* [Data excerpt]
※ ※ ※

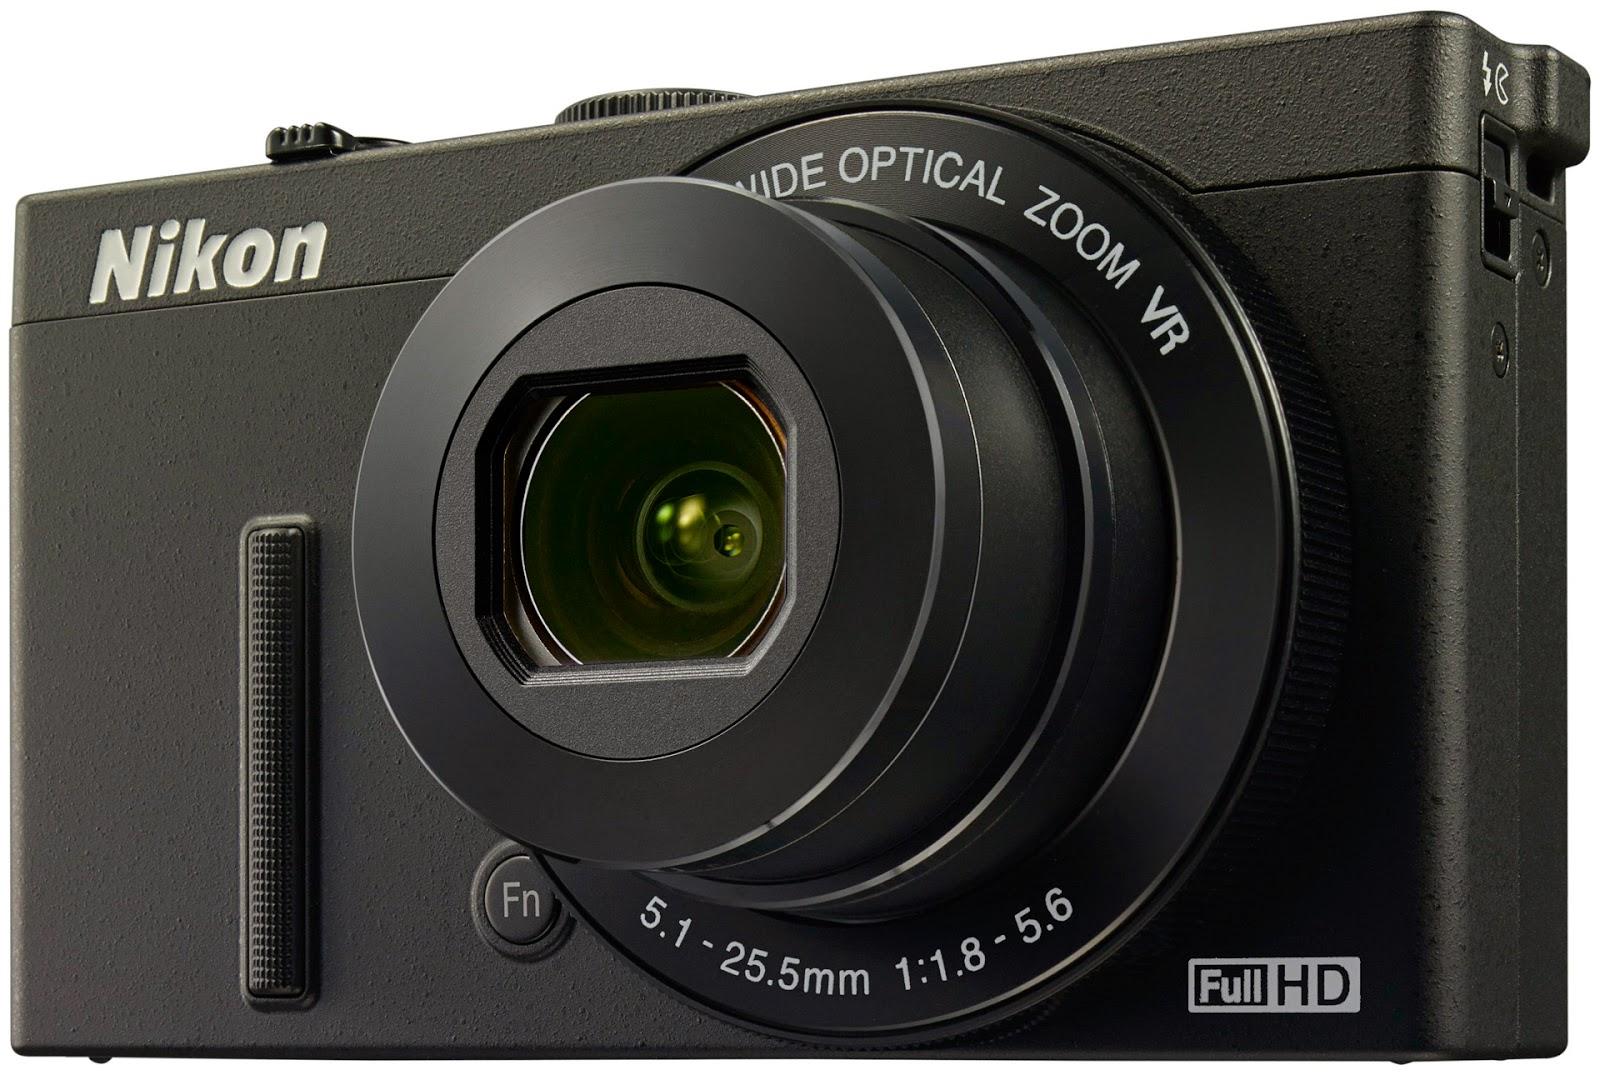 Nikon Coolpix P600, Nikon Coolpix P340, Nikon Coolpix P530, Nikon Coolpix P340, cámara prosumer, prosumer camera, Nikon vs Canon, Nikon Coolpix S9700
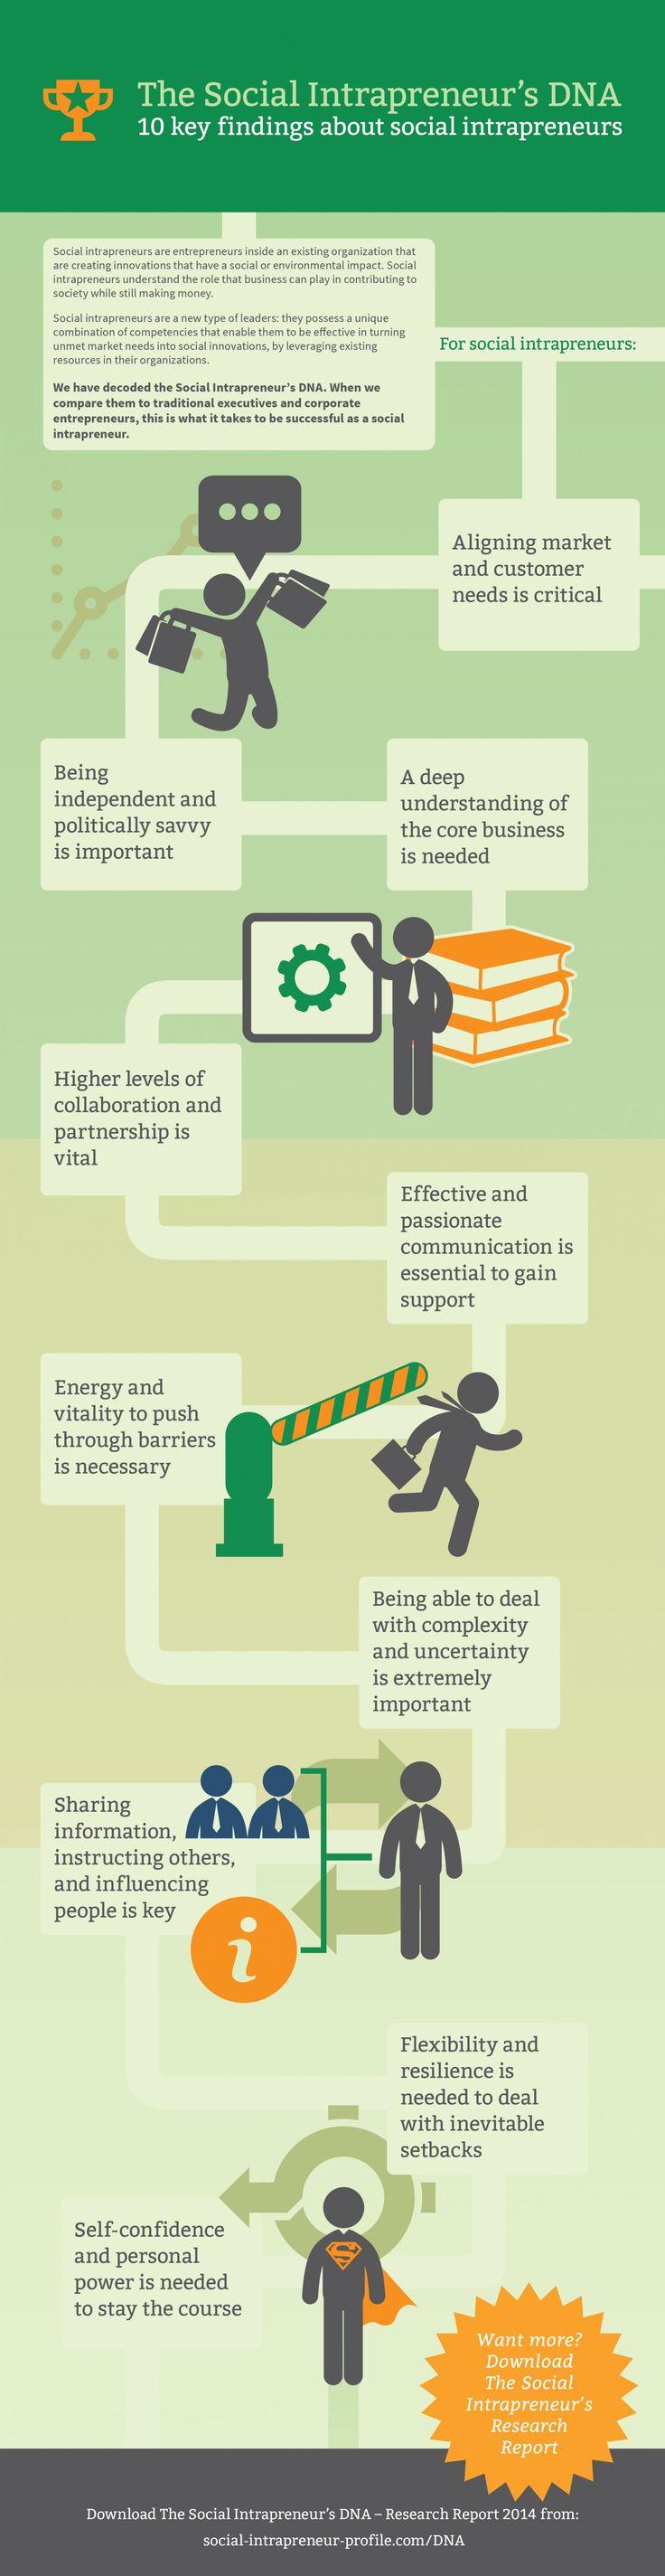 Social Media  >> The Social Intrapreneur's DNA #infographic - Business ...
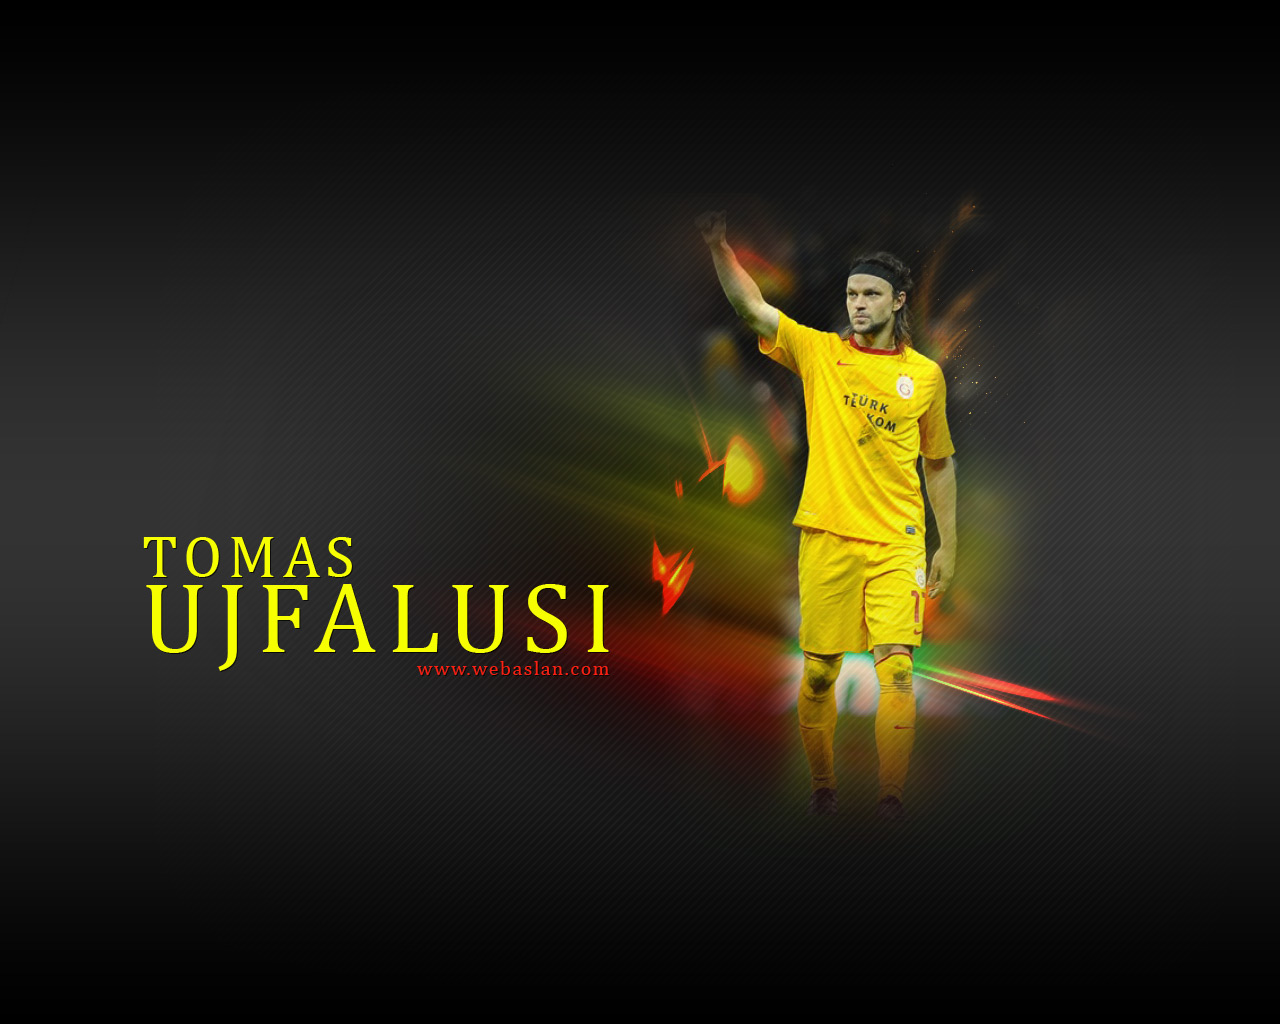 Tomáš Ujfaluši - der tschechische Barbar - Galatasaray SK 2011/2012
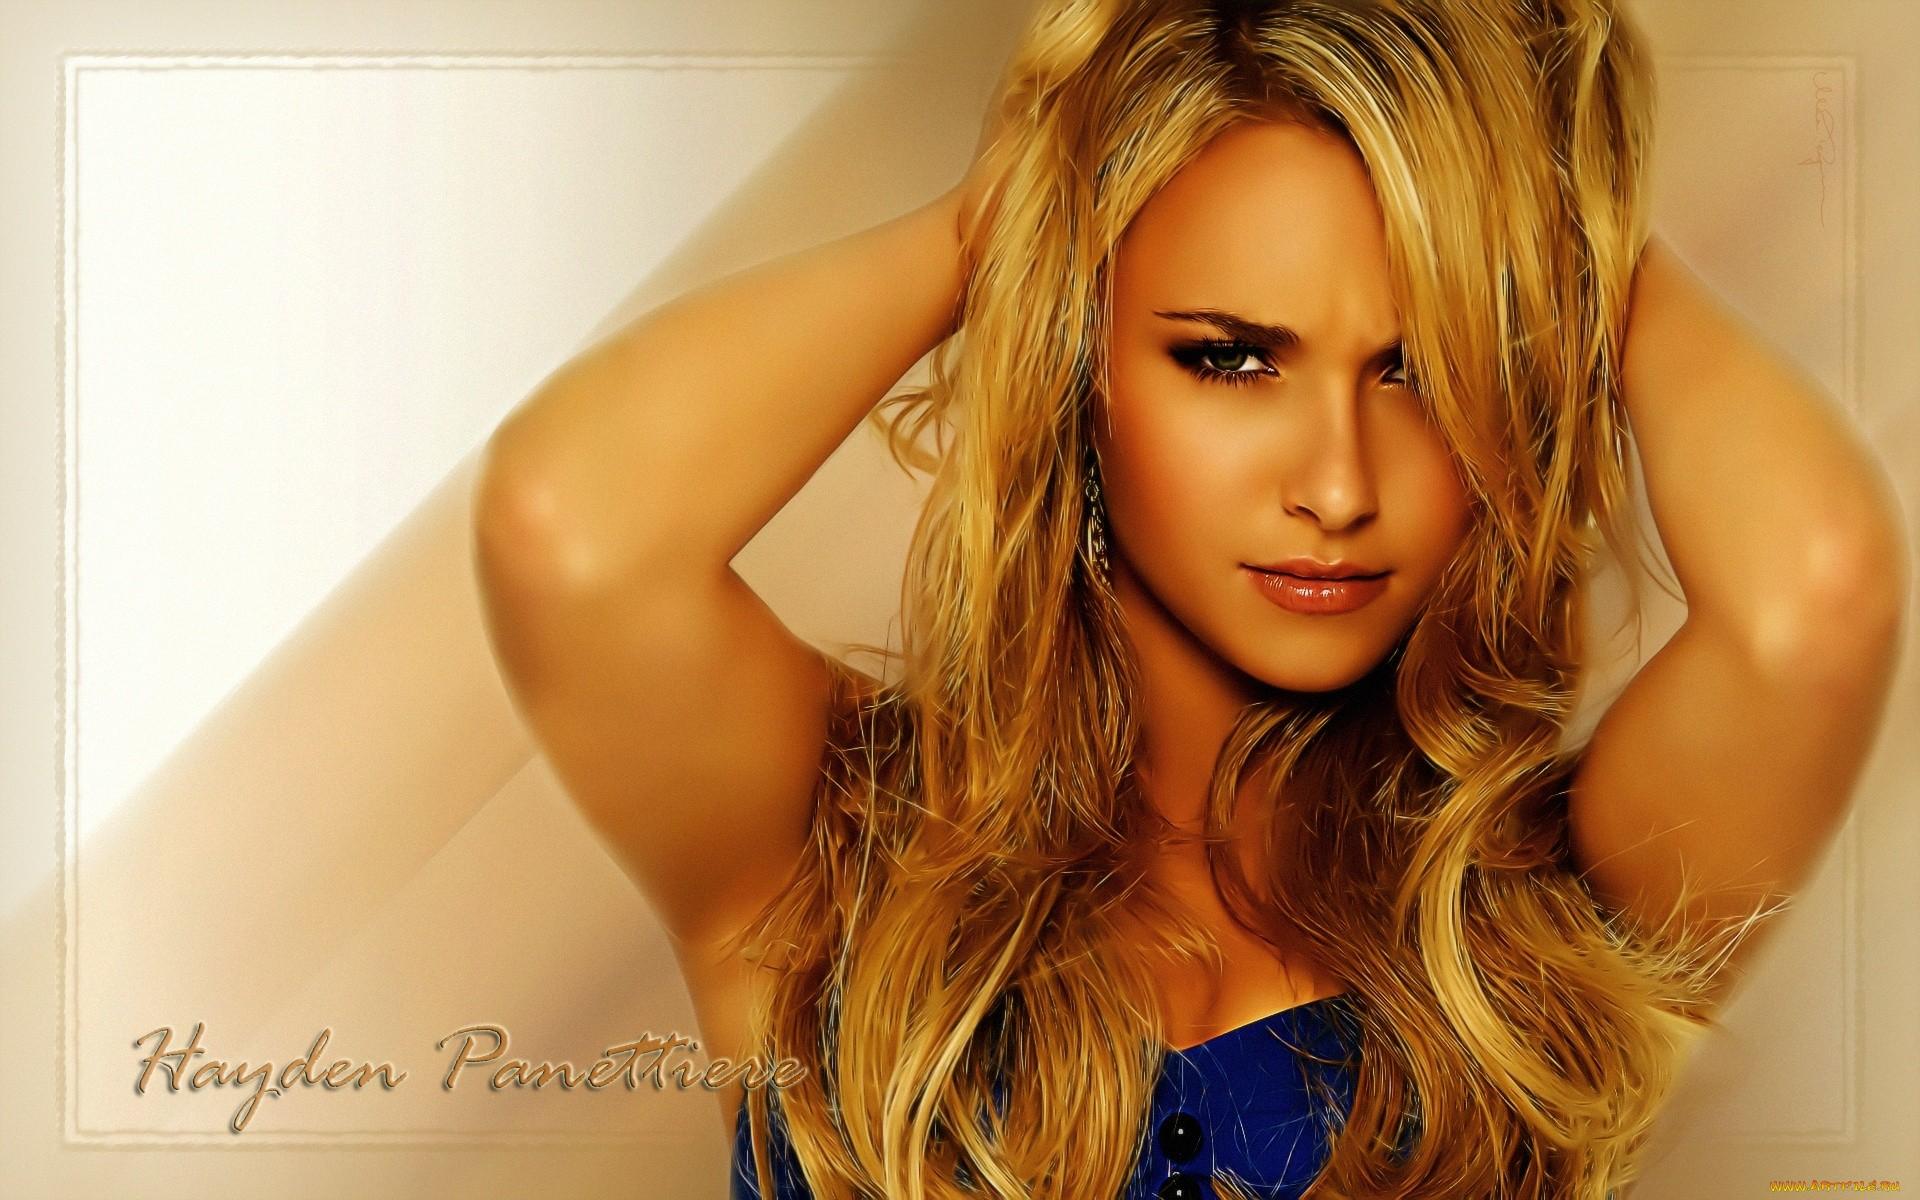 Hayden Panettiere Actresses People Background Wallpapers on

※ ※ ※

Without the pictures, transcribe the listing exactly as it stands.

 Nikon Coolpix P600, Nikon Coolpix P340, Nikon Coolpix P530, Nikon Coolpix P340, cámara prosumer, prosumer camera, Nikon vs Canon, Nikon Coolpix S9700
 Social Media  >> The Social Intrapreneur's DNA #infographic - Business ...
 Tomáš Ujfaluši - der tschechische Barbar - Galatasaray SK 2011/2012
 Hayden Panettiere Actresses People Background Wallpapers on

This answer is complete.